Let's start with the most likely possibility: opencl reports the gpu device RAM wrong.

 

Question 2: i bought a 2GB RAM device, and 2GB is nowadays really little especially with 1536 streamcores, in order to use it. What sketches my amazement that from the amount of RAM it finds, it just allows an object to use 25% of that. 

  a) can that get raised to the amount of RAM it has?

  b) why this strange 25% limit? Suppose you buy a formula 1 car with 950

      horse power and you can just use 240 horsepower. Good deal? Or is your

      next car then a nvidia? It makes no sense to limit this.

 

Question 3: It reports correctly the GPU has 24 compute cores. Using which other information can i now calculate that i have 1536 PE's available to me at the gpu?

How do i accomplish that, with which function call or setting or mathematical formula? I scanned the entire document opencl-1.1-rev33.pdf but couldn't figure it out.

Please enlighten me.

Note that it does report the number of cores correct of the 16 core box 8356.

 

Question 4: It returns for the GPU's CL_DEVICE_MAX_CLOCK_FREQUENCY = 0

whereas for the CPU it reports correctly it is 2310 (Mhz). How do i figure out the frequency setting of the GPU?

 

Question 5: it reports for the CL_DEVICE_GLOBAL_MEM_CACHE_SIZE = 0,

yet i thought the 6000 series has a Global Data Store. Can you enlighten me there? 

 

There is lots of things wrong in the reporting on the CPU settings.

Question 6: It correctly doesn't show the GPU to be out of order. Yet it doesn't with the CPU. Hope i interpreted it correctly as this command queue gets listed under 'execution model' chapter 5. The cpu doesn't have a bit set indicating 

at the field set to:  CL_DEVICE_QUEUE_PROPERTIES = CL_QUEUE_PROFILING_ENABLE

that CL_QUEUE_OUT_OF_ORDER_EXEC_MODE_ENABLE is set.

 

Question 7: It doesn't report the opteron box to have ECC capabilities at the setting CL_DEVICE_ERROR_CORRECTION_SUPPORT

 

Question 8: I really don't understand the numbers it prints at the cpu at all sorts of things like global_mem_cache_size. It reports 64KB. Really the SRAM of the opteron cpu to the RAM is a lot more.

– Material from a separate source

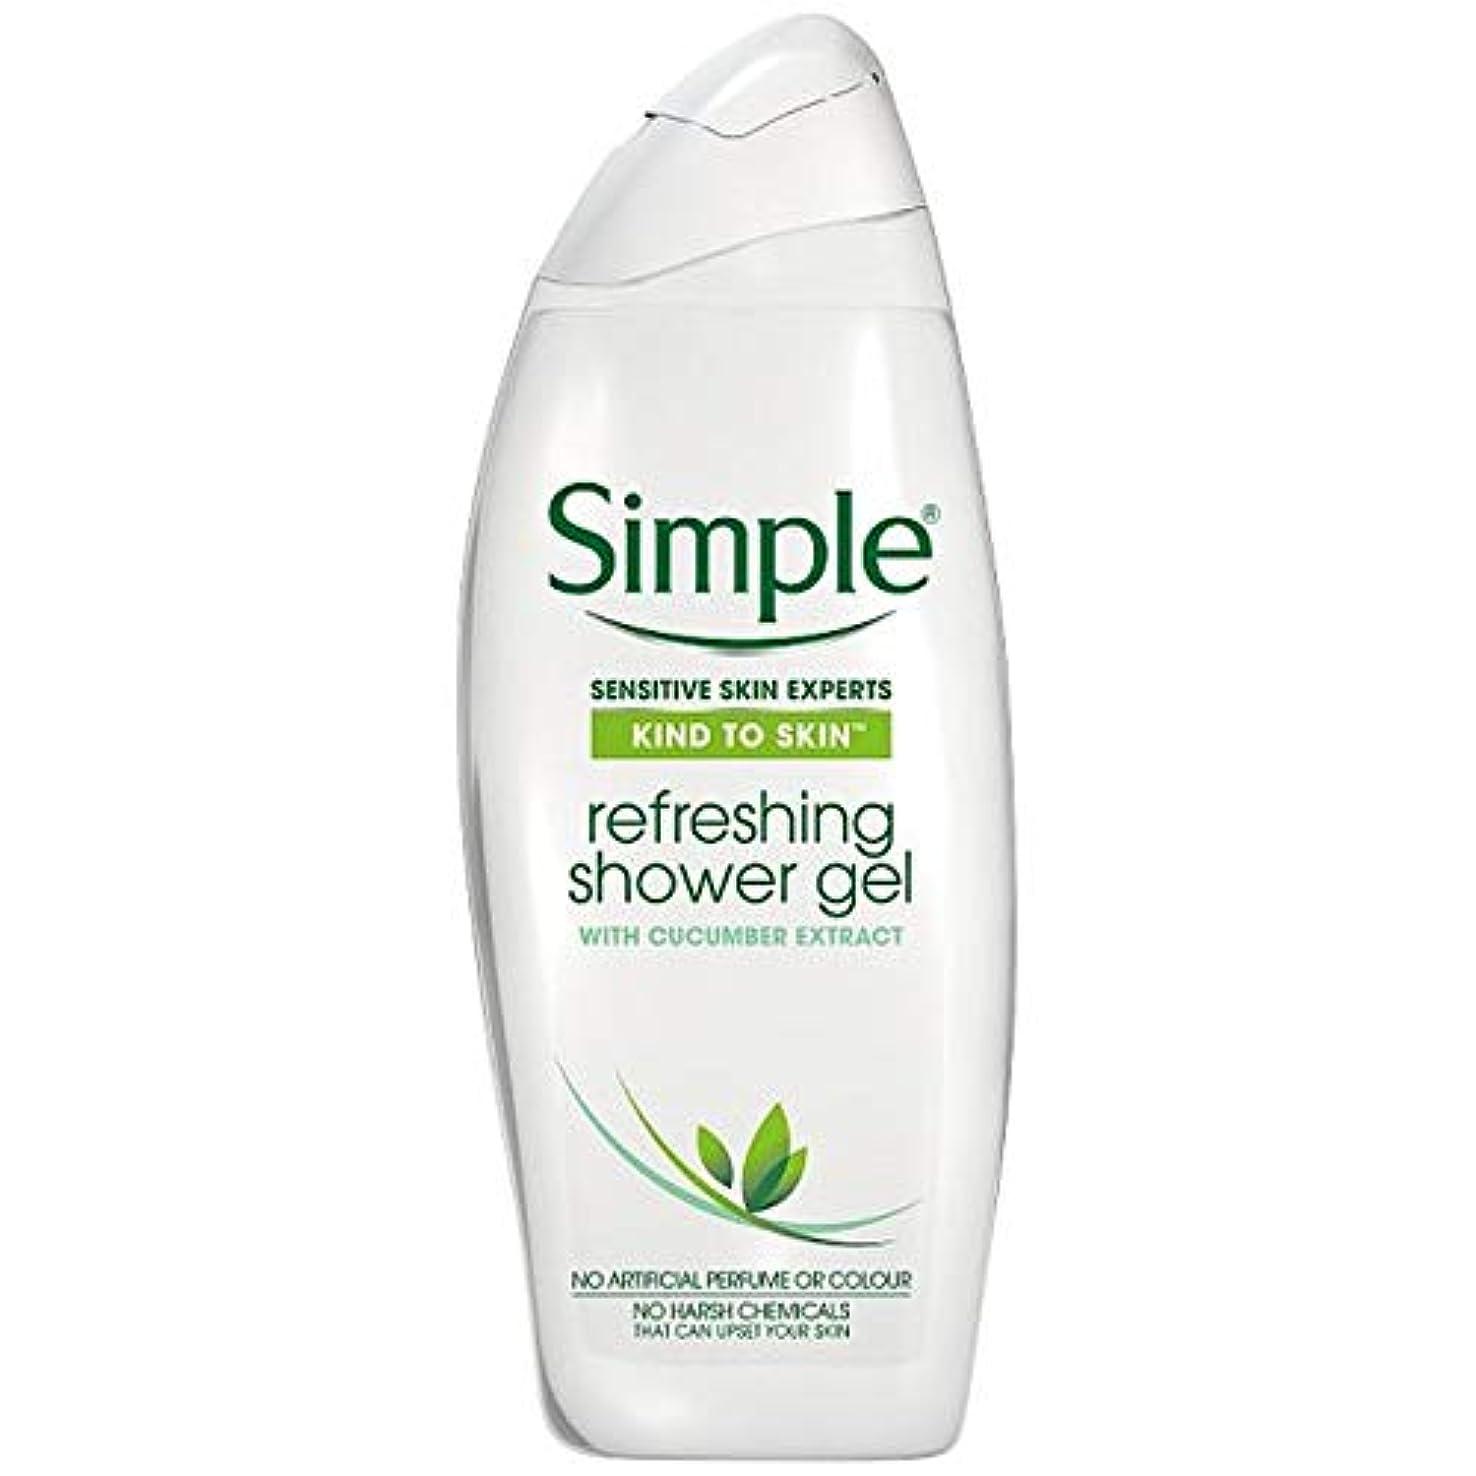 ネコかかわらずジャケット[Simple] 皮膚さわやかなシャワージェル500ミリリットルに、単純な種類 - Simple Kind To Skin Refreshing Shower Gel 500Ml [並行輸入品]

Something like 4MB all 4 cpu's together or so?

*please note SRAM at cpu's == L3 cache

 

Question 9:

It's reporting local mem size to be 32KB yet the cpu has 64KB L1 datacache for each core, so it can easily report 64 there as well. 

 

Question 10: is again on the GPU. How do i figure out it's a XFX? The command in linux 'lspci -v' seems to know somehow in linux what sort of videocard it is, but in opencl i don't see that text anywhere. Just that it is a cayman i get back.

Please enlighten me. Note that lspci -v shows the videocard to have 256MB ram, which is wrong as well. Would this impact videoperformance during some tests at some websites? That would be very bad news for AMD of course if so,

as the system guessing it can use 256MB whereas the card has 2GB is quite a bad idea. Anyone?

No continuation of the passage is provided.